*** RECORDED DATA ***

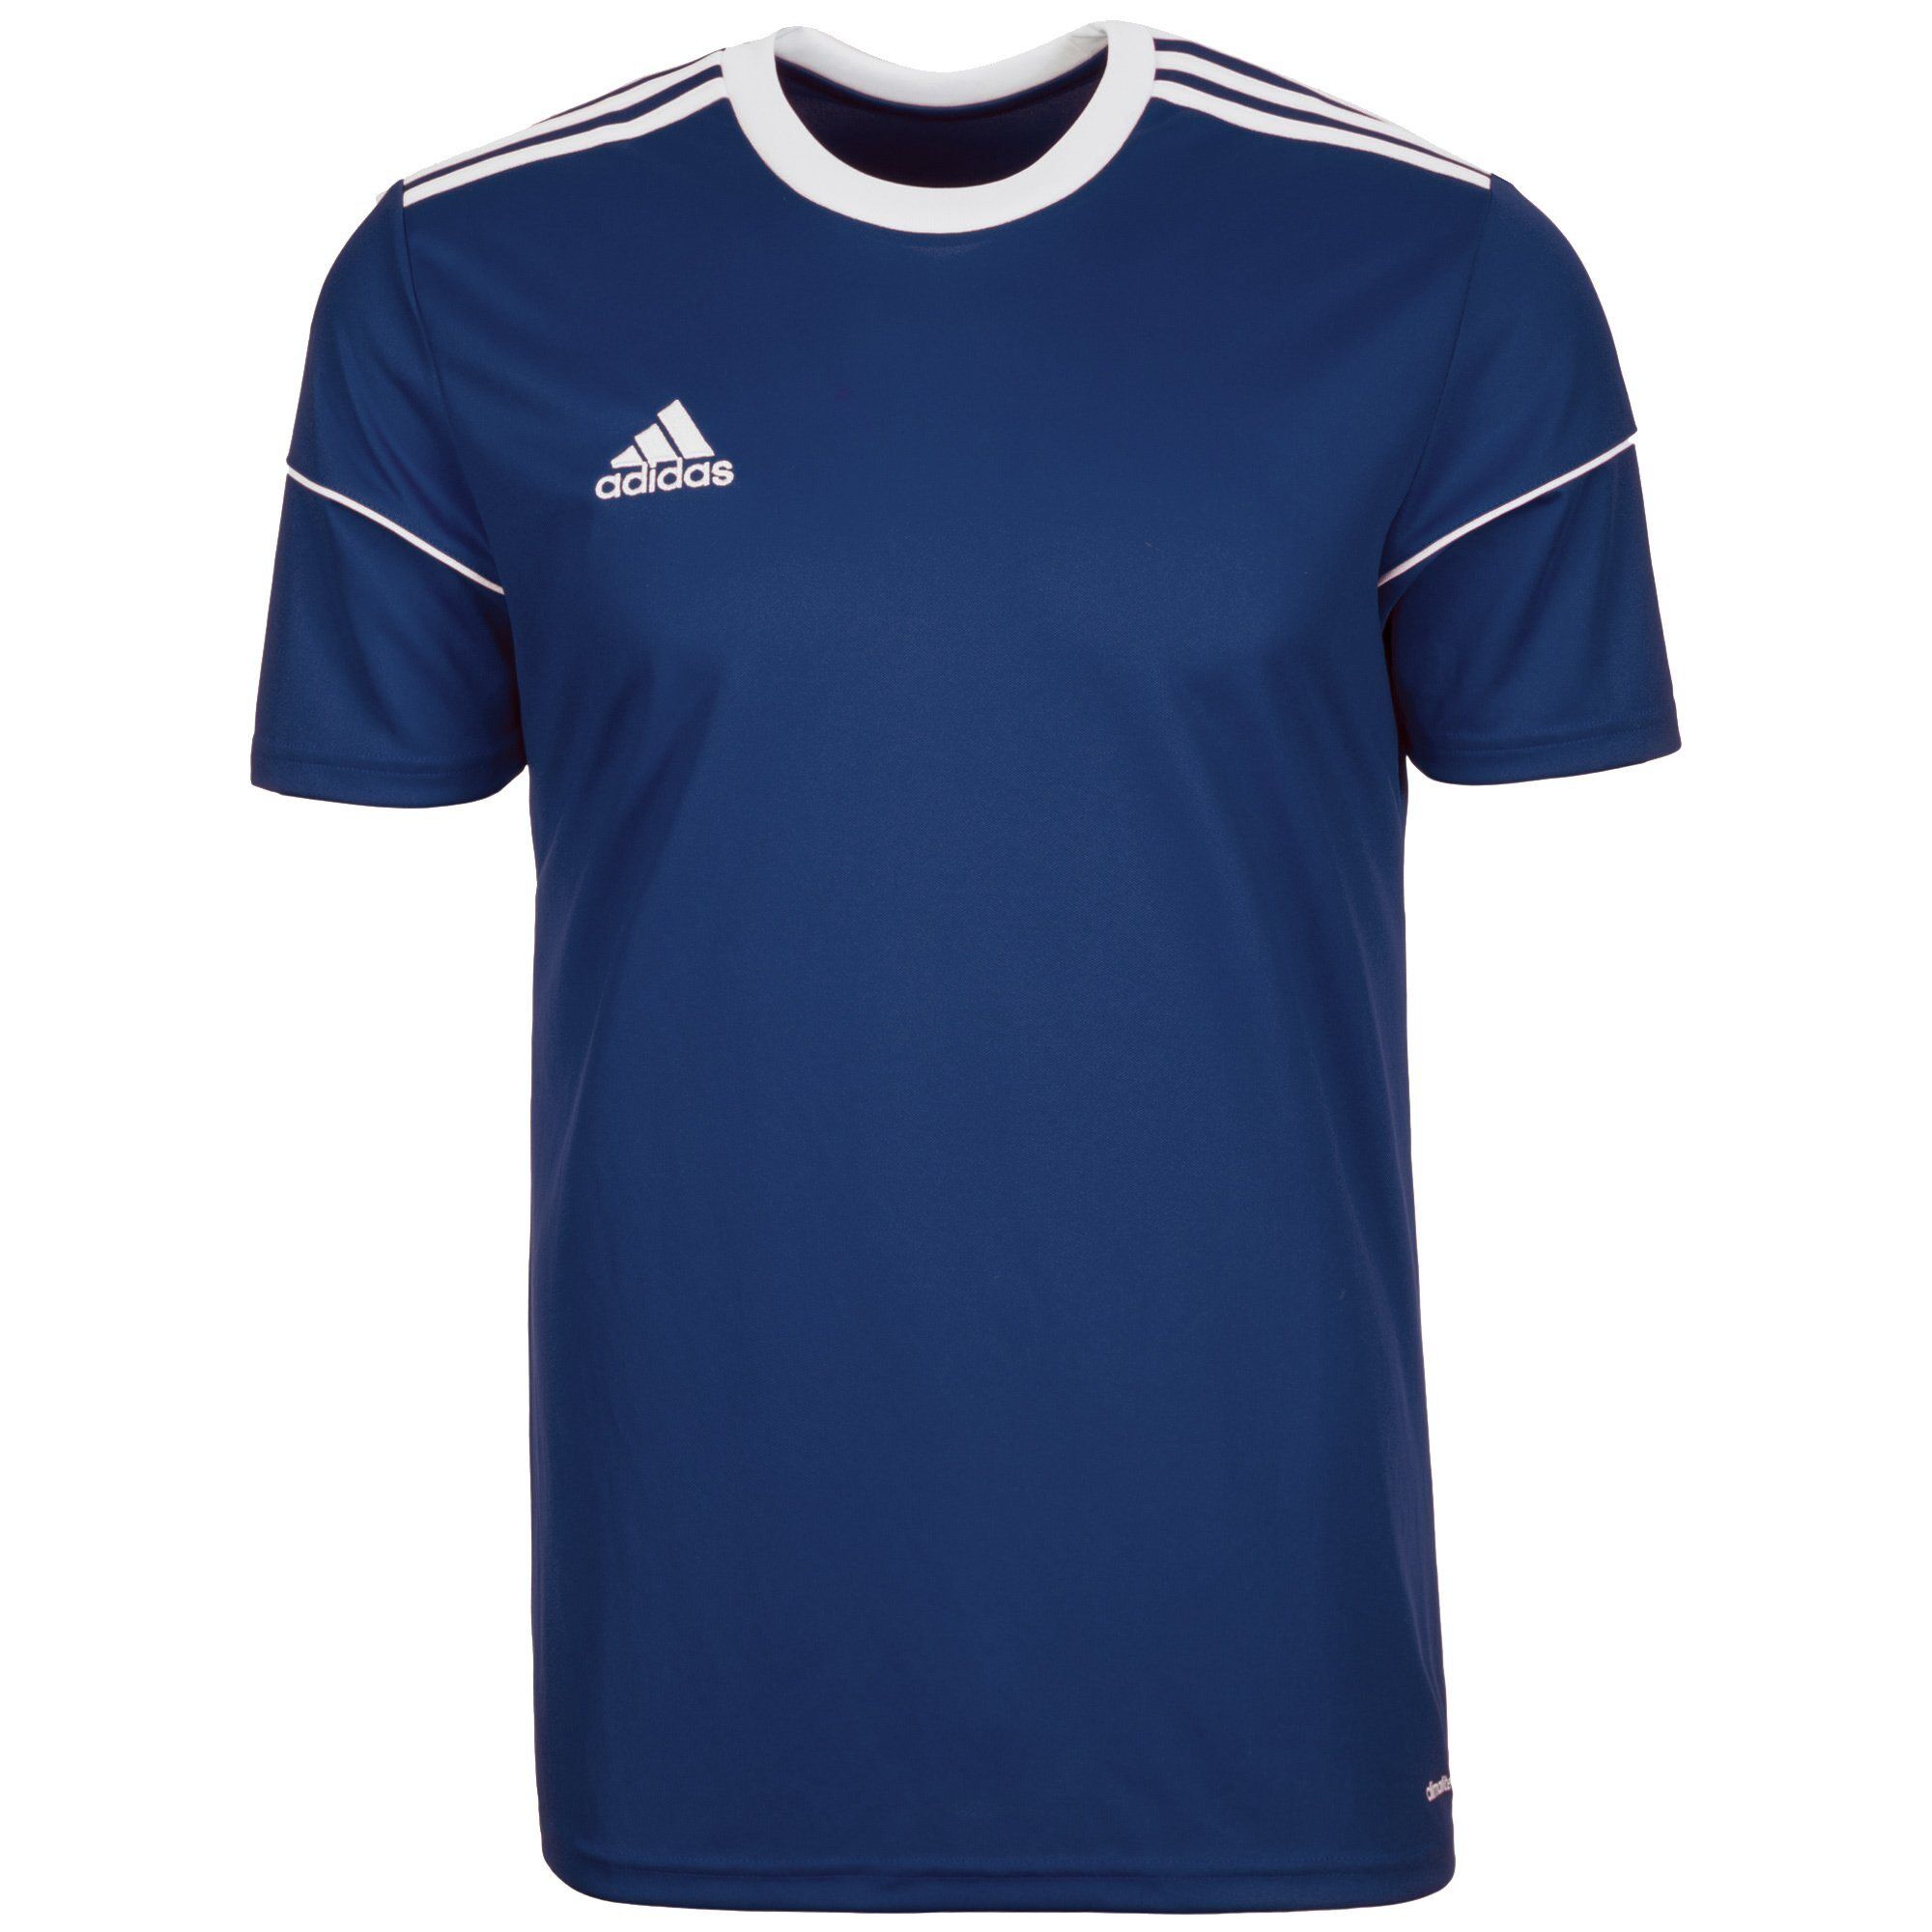 Adidas Performance Fußballtrikot »Squadra 17«, dunkelblau-weiß
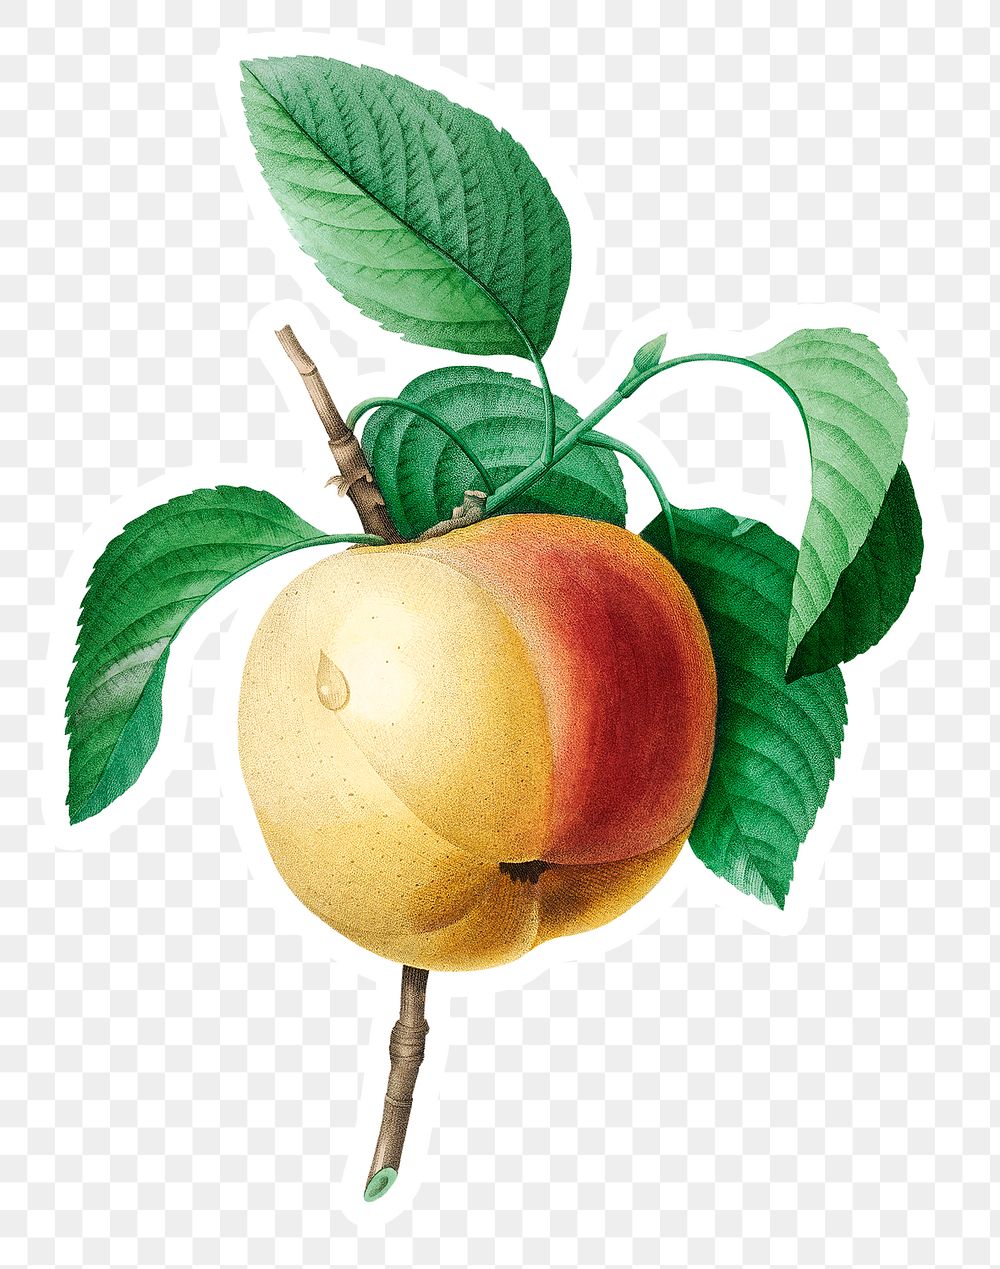 Apple fruit sticker design element 
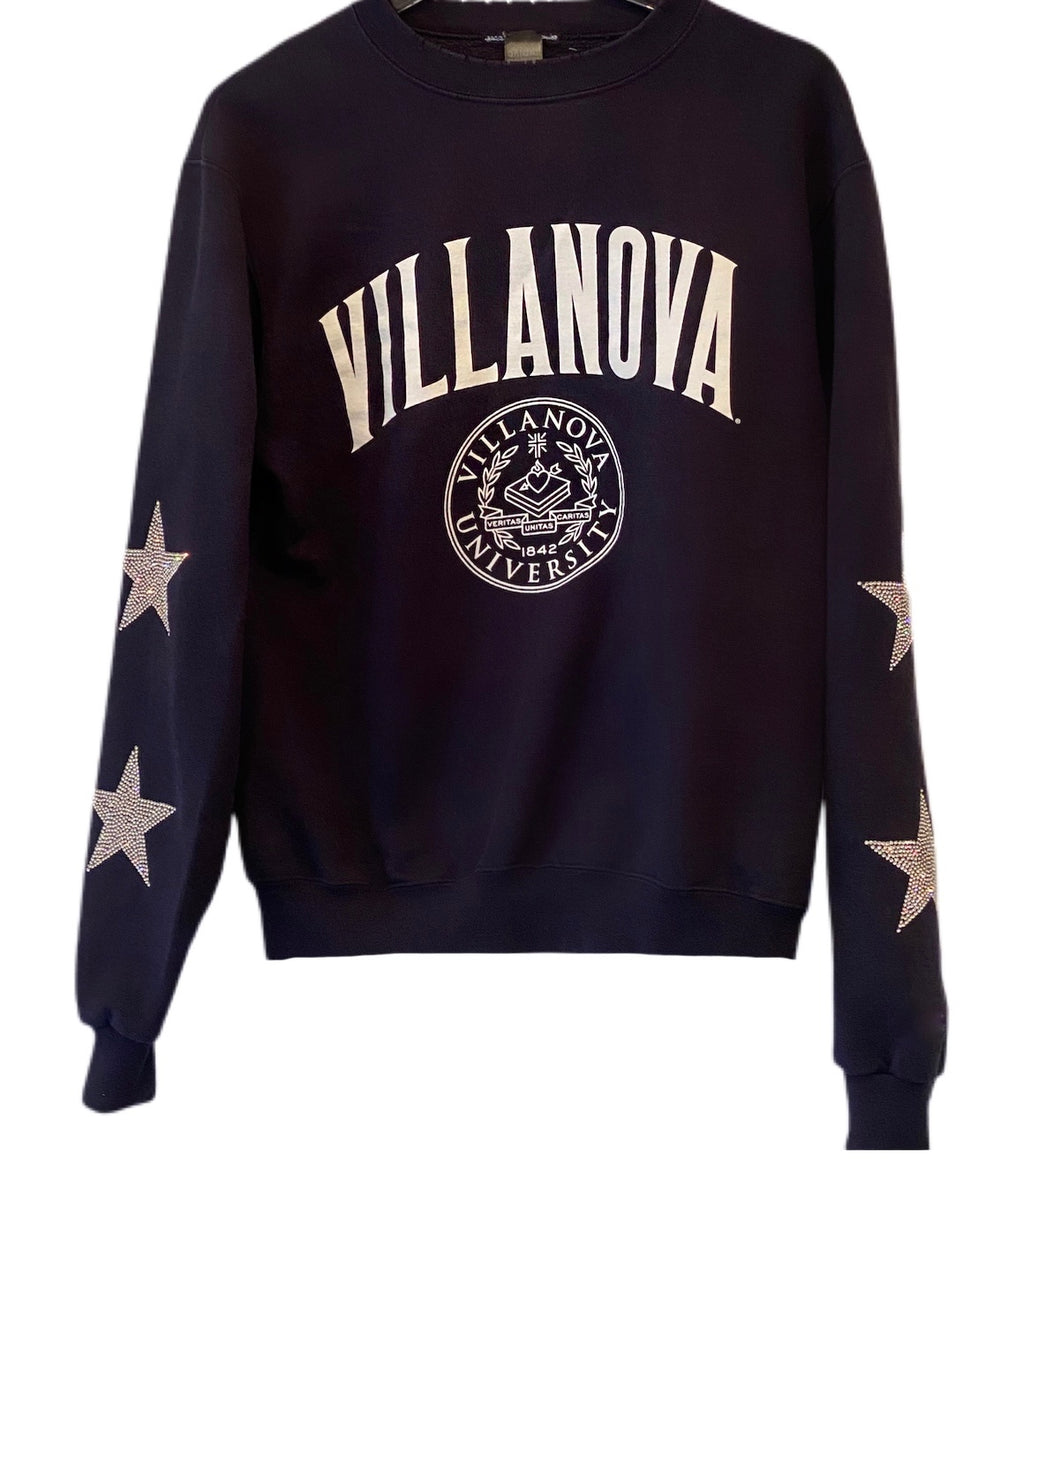 Villanova University One of a KIND Vintage Sweatshirt with Crystal Star Design

*** End of RECORDED DATA ***

AIM OF THE TASK: Would you reproduce the listing above exactly, without any of its images?

SOLUTION TO THE EXERCISE:
 Adidas Performance Fußballtrikot »Squadra 17«, dunkelblau-weiß
 Apple fruit sticker design element 
 Villanova University One of a KIND Vintage Sweatshirt with Crystal Star Design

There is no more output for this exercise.